Und auch Andreas Züger vom Rüstungskonzern Hensoldt Optronics stellte fest: „Für uns ist WiFi mehr als genügend.“ Um freilich an späterer Stelle auch in Sachen KI zu erklären, weil das Unternehmen Dinge entwickle und produziere, „die nicht in die falschen Hände gelangen sollten“, könne es offene Systeme gar nicht nutzen.
Sinanudin Omerhodzic sagte, die Effizienz, die man durch die neuen Technologien erreichen könne, werde entscheidend für die künftige Wettbewerbsfähigkeit Deutschlands sein. Jede Sekunde, jeder Quadratmeter und jeder Millimeter an Optimierung zählten dabei.

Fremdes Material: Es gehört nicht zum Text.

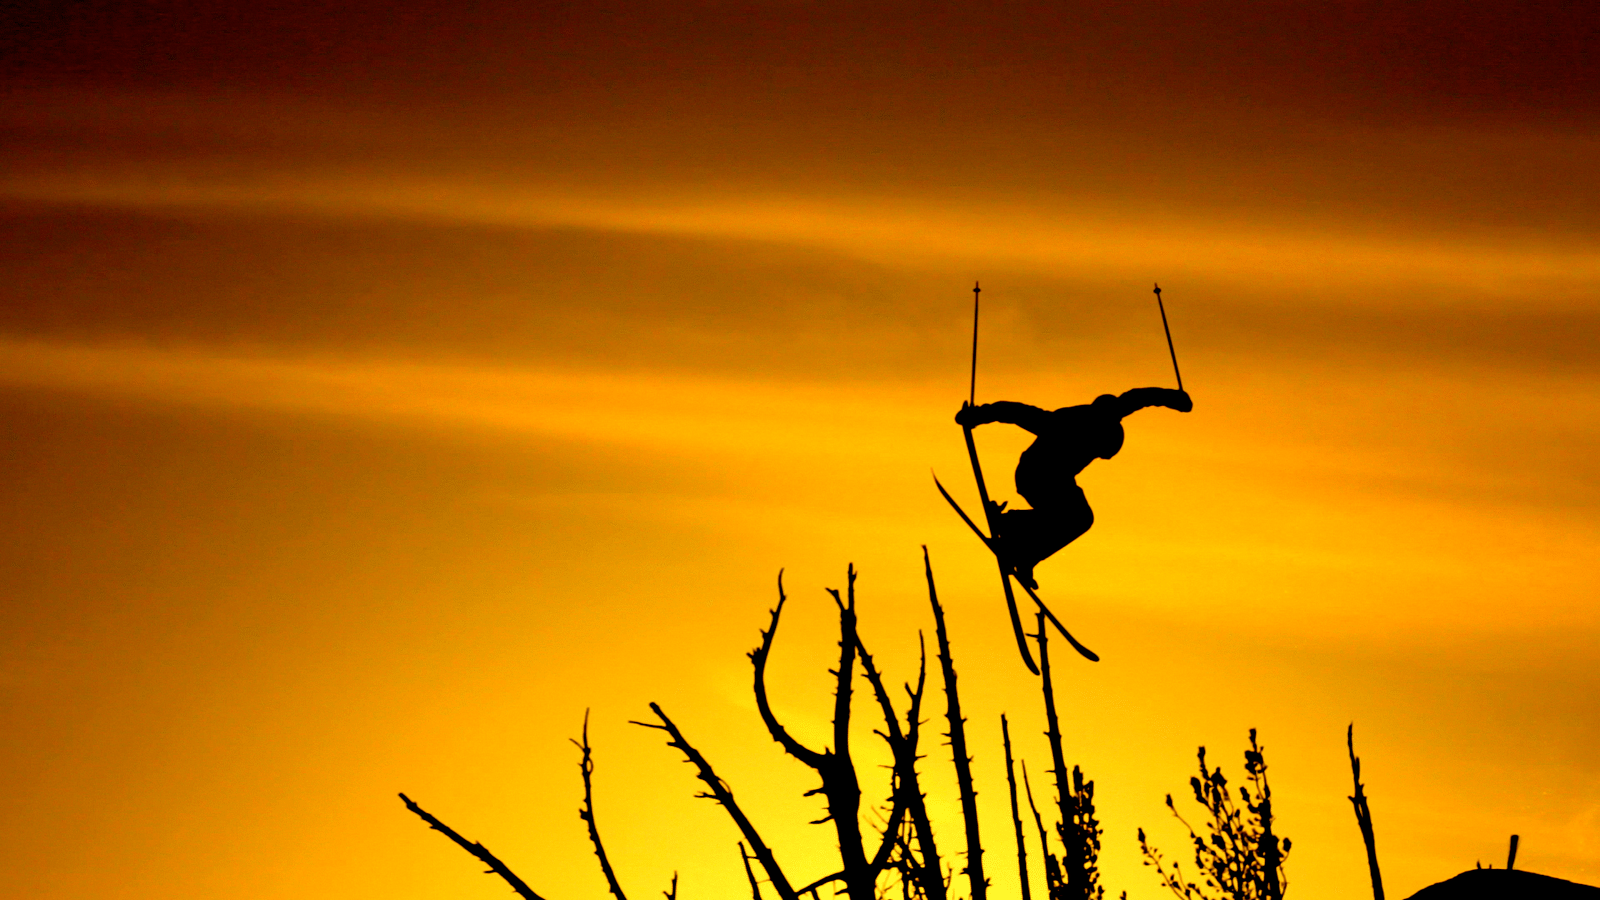 Silhouette at Sunset
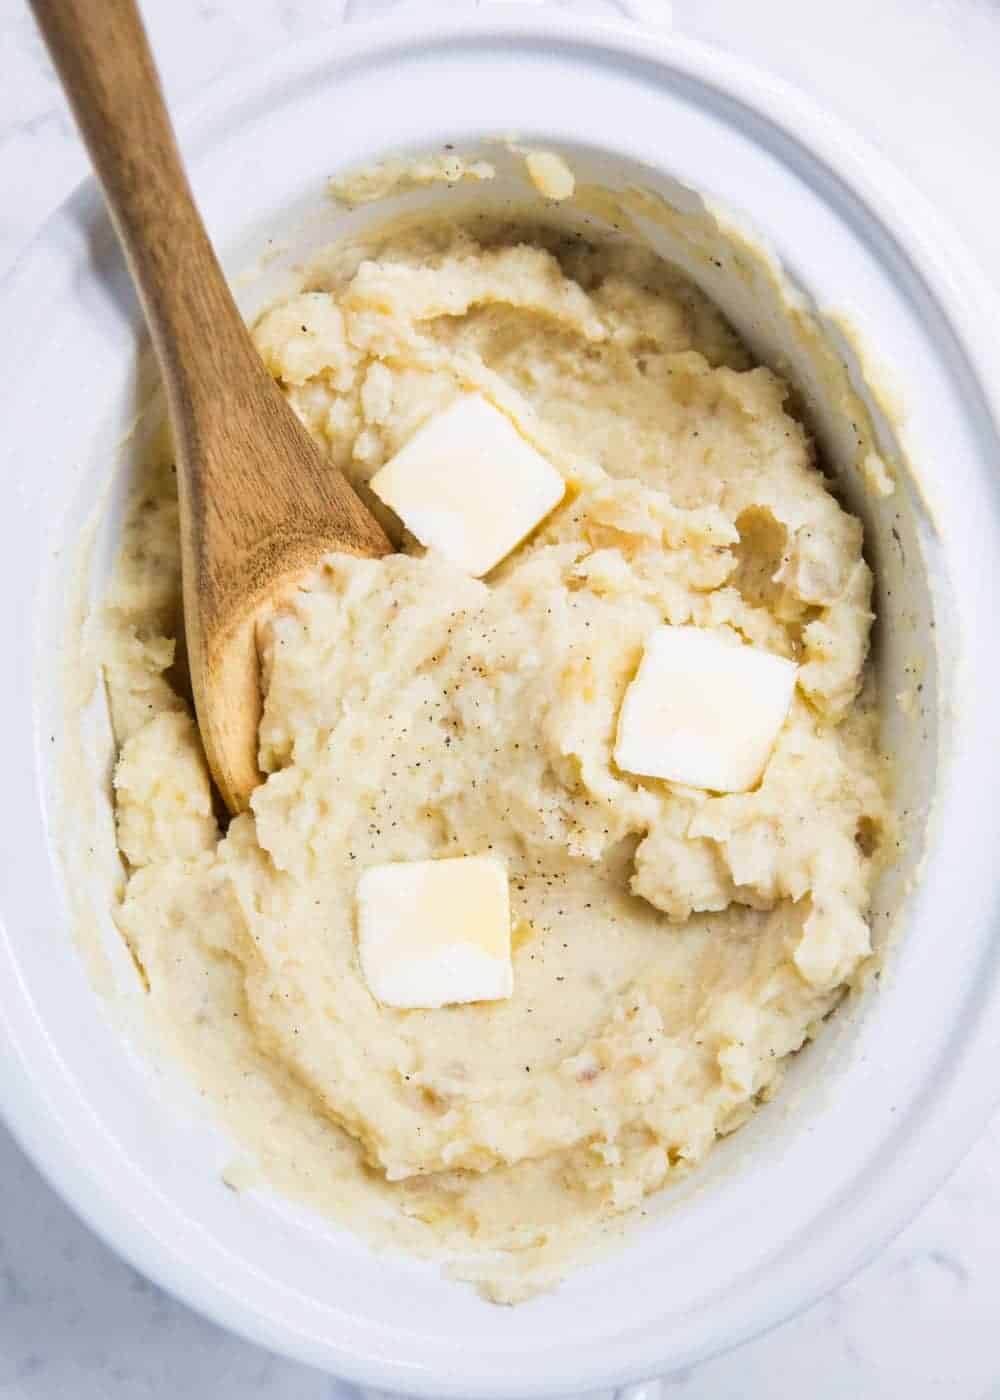 mashed potatoes in crock pot with a wooden spoon

„Das Ding ist und im weltweiten Vergleich aber längst schon so entglitten, dass ich nicht mehr entspannt bin“,
sagte Omerhodzic.
Auch Niederau-Buck fürchtete, dass etwa die KI-Regulierung durch die EU den Kontinent von der restlichen Entwicklung in der Welt abhängen werde, so notwendig Regeln auch seien. Professor Ludwig riet dazu, die Region müsse ihre KI-Expertise so bündeln, „dass nicht jedes Unternehmen das Rad neu erfinden muss“.
„Schauen Sie, was es schon gibt und versuchen Sie nicht, alles selbst neu zu entwickeln. Und fangen Sie klein an“, riet Niederau-Buck den Zuhörerinnen und Zuhörern im Saal. „Wir haben keine andere Chance, wir müssen uns mit KI beschäftigen“,
fasste Ludwig seine Überzeugung zusammen.
Am Nachmittag rückte Sarah Zickler in ihrem Impulsvortrag zunächst die Kommunikations-KI ChatGPT in den Mittelpunkt. Zickler ist Immobilienunternehmerin und FDP-Stadträtin in Reutlingen, Generalsekretärin des Liberalen Mittelstands Baden-Württemberg und hat in ihrem 2023 erschienenen Buch „ChatGPT-4 Entmystifiziert“ laut Untertitel einen „umfassenden Leitfaden“ publiziert, „wie Künstliche Intelligenz unsere Zukunft gestaltet“. KI biete „wahnsinnig viele Einsatzmöglichkeiten“, sagte sie, diese seien aber sehr unternehmensabhängig. Am Ende lautete auch ihr Rat:
„Nutzen Sie die KI, arbeiten sie sich selbst ein und bleiben sie up to date“.
Führungen durch den Schauplatz Industrie 4.0 des digiZ und eine Ausstellung des Center of Competence (COC) von Zeiss rundeten den Kongress ebenso ab wie Workshops mit Fallbeispielen aus der Praxis zur Anwendung von KI.
Eine Führung zur praktischen KI-Anwendung führte durch eine Ausstellung des Center of Competence (COC) von Zeiss.